А Федя тем временем без какого-либо напоминания схватил вдруг брандспойт и, поливая перед собою мощной струей воды, словно строча из автомата, ринулся вперед, в глубину центрального зала.
Вася Карасев стал подталкивать мокрый и твердый, как бревно, пожарный шланг, помогая товарищу. Подойдя почти вплотную к сгоревшему технологическому каналу, Федя завел струю сквозь решетку труб, стараясь смыть из-под нее ядерную труху в сторону трапа под плитным настилом реактора.

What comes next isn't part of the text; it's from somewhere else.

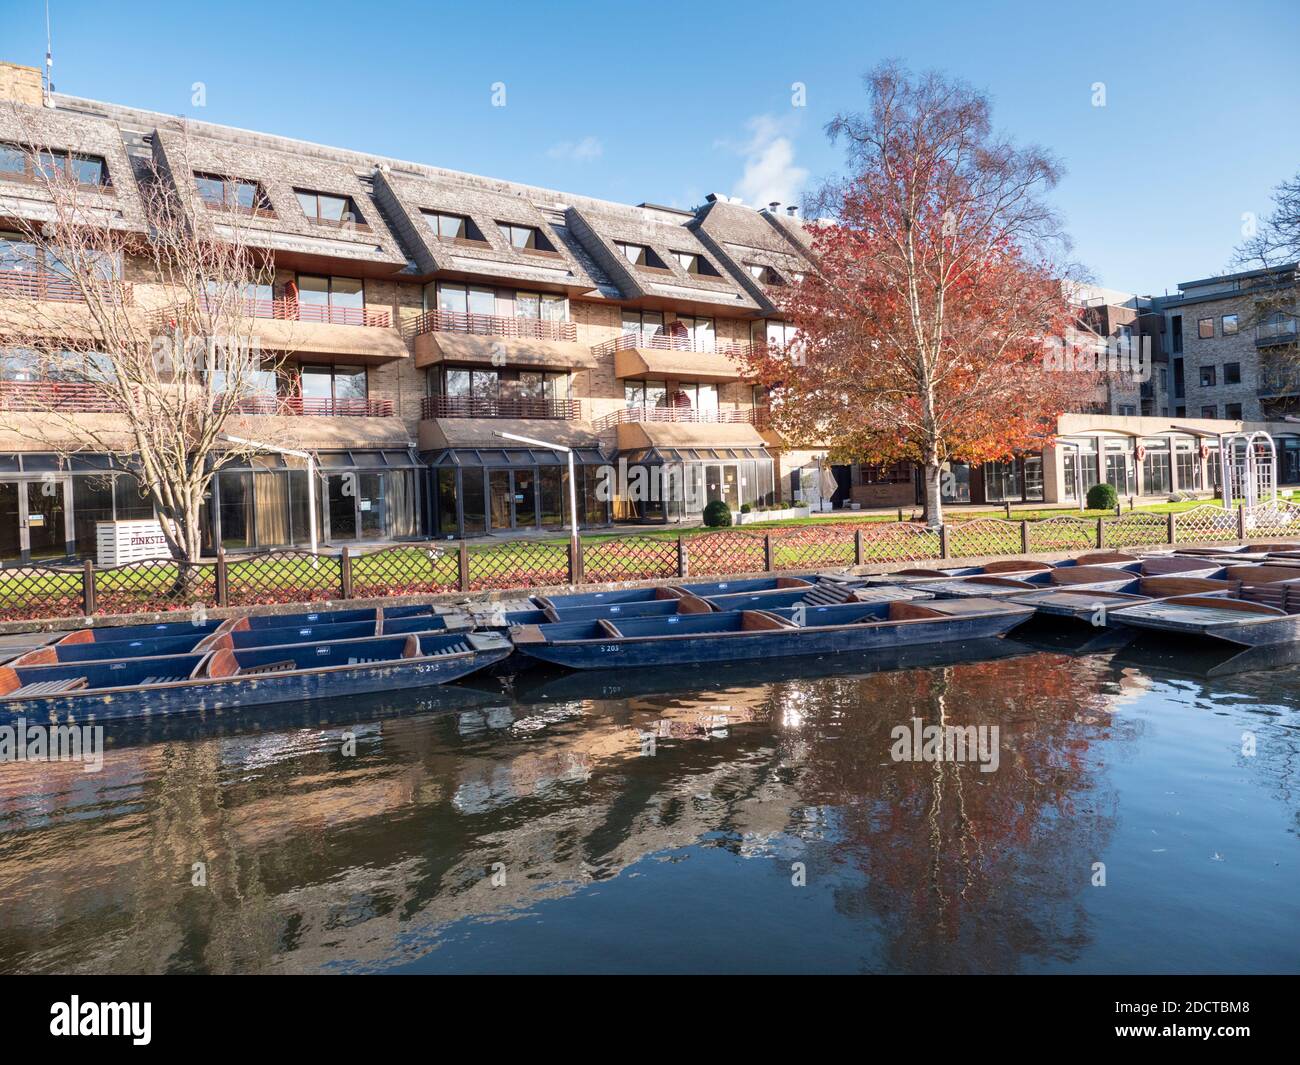 The Doubletree Hotel Cambridge UK on the banks of the River Cam Stock Photo

Гул ревунов неожиданно стих. Остался только шуршащий и хлещущий шум воды. Федя закрыл кран.
В центральном зале наступила глубокая тишина, и сквозь будто заложенные ватой уши услышал он вдруг какие-то странные, как бы по-новому звучащие, дорогие ему голоса товарищей. Хрипловатый, со стреляющим покашливанием смех Фомича, гудящий басок Димы, тонкий голосок Васи Карасева.
Все они гурьбой шли ему навстречу, а дозик за их спинами встал в проеме двери в какой-то неуверенной, смущенной позе.

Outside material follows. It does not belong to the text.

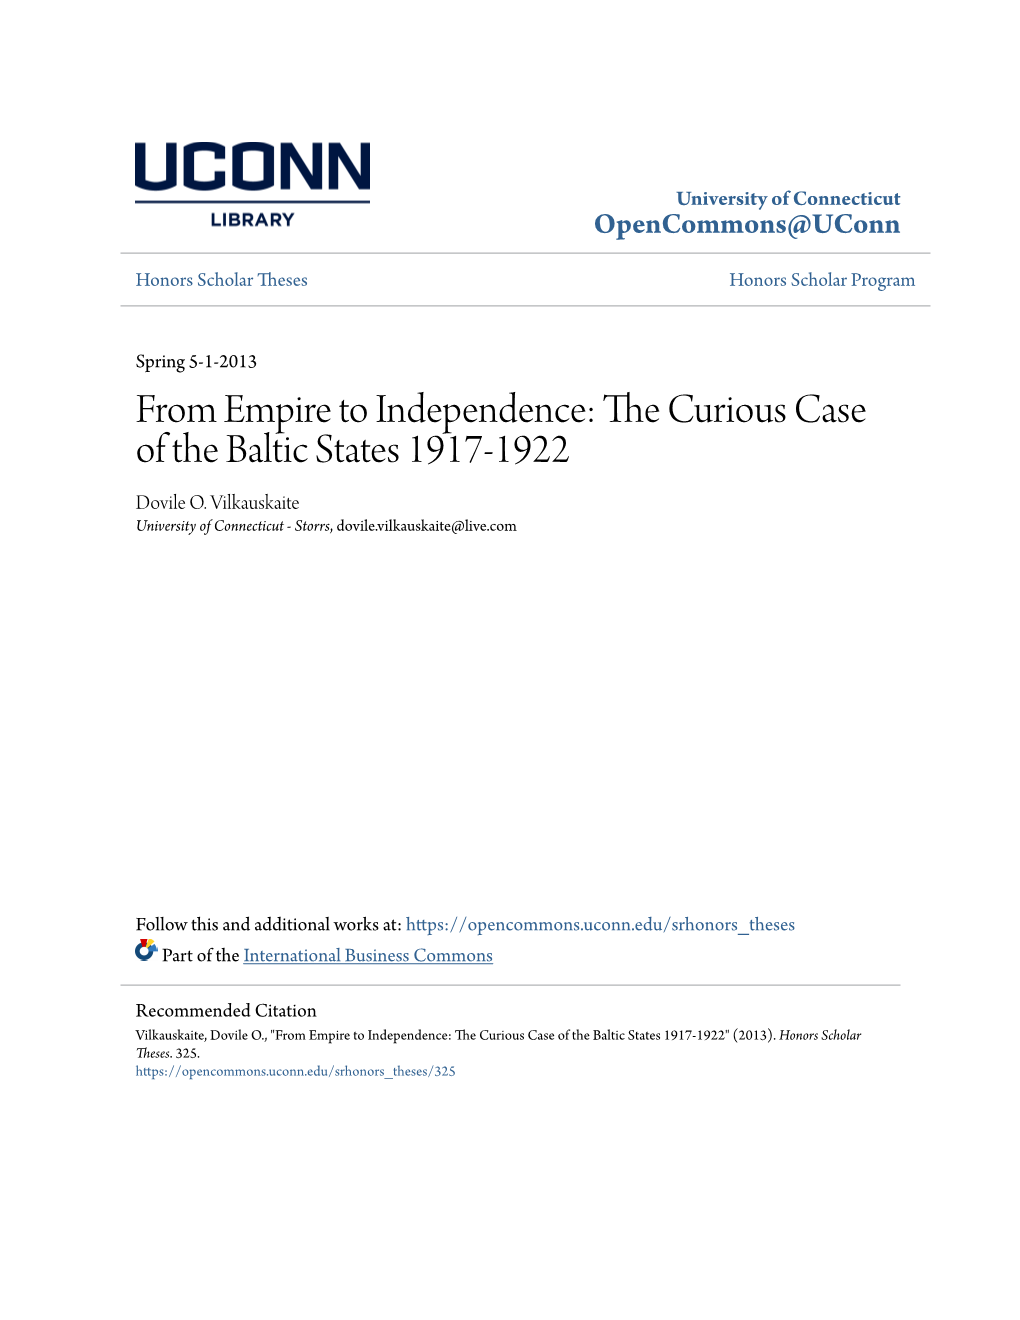 From Empire to Independence: the Curious Case of the Baltic States

Гвардейцы ядерного ремонта смеялись, похлопывали друг друга по плечу, выкрикивая:
– Аи да мы!
– Я всегда говорил, – мягко и как-то вкрадчиво начал Фомич, – наша работа – самая главная!.. А что, мальчики?.. Куда ни кинь – хирурги мы!.. Вырезали атомному реактору аппендикс, промыли кишки, а?.. Пусть себе живет!.. Пусть живет!.. Энергия еще никому лишней не была… – Фомич вдруг замолчал.
Они уже вышли из центрального зала, шли по длинному коридору, пол которого был облицован желтым, покрякивающим под ногами пластикатом. Эйфорическое состояние, казалось, беспричинной веселости, вызванное облучением, переполняло их.

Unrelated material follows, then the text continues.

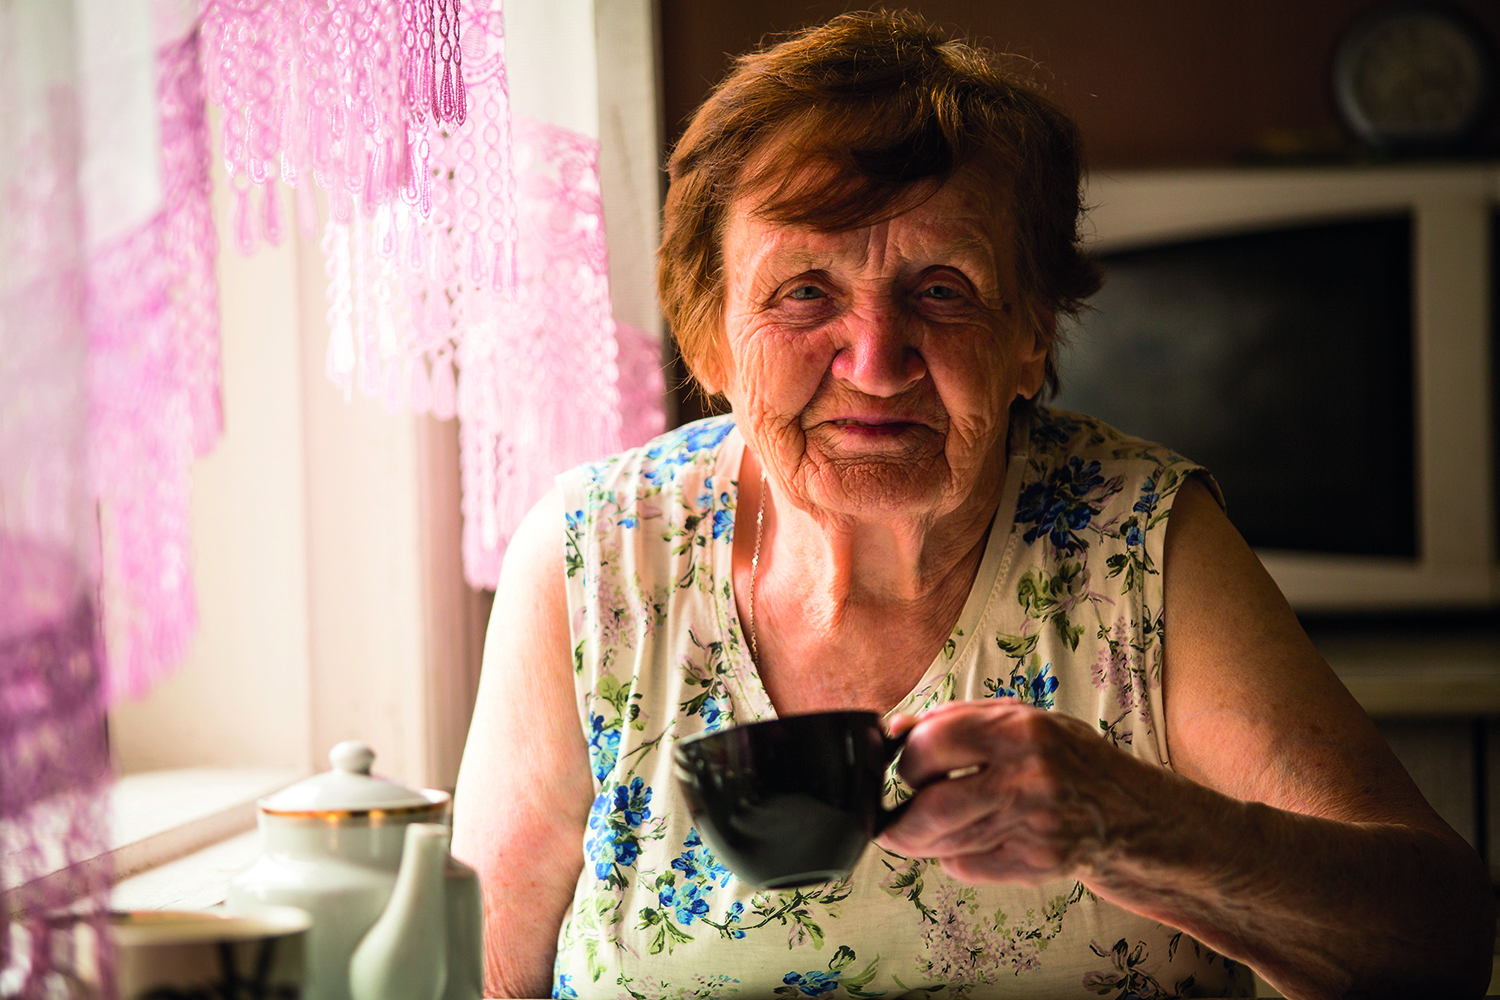 Elderly woman holding a cup in hand.

Дозиметрист задумчиво брел сзади, несколько поотстав, неся в руке радиометр на длинном ремне и почти волоча прибор по полу. Странное, какое-то смешанное чувство негодования, удивления и еще чего-то необъяснимого испытывал он.
– Теперь, Карасик, твой черед… – нежно сказал Фомич. – Внизу, под реактором, тоже космос… Надо резануть сваркой «гусак»… – И, обернувшись, крикнул: – Эй, Цариков-императриков, не отставай! Тебе тоже дело есть!
Цариков ускорил шаг.
Ложность его положения заключалась в том, что он должен был обеспечивать обслуживание бригады ремонтников, фактически только регистрируя дозы и докладывая радиационную обстановку. Все остальное было за пределами его прав. Добровольцы сами решили свою участь, и ему было приказано не мешать.
– Так что… ты уж, Карась, не подведи… Постарайся… – наставлял Пробкин. – На этом и кончим сегодня.
А сам подумал: «Сегодня – да… А завтра еще Булову помочь надо… Надо…»
– Знаю, знаю, Фомич, – сказал Вася Карасев, тоже очень ласково, согласительно, – все будет путем… Будь спок…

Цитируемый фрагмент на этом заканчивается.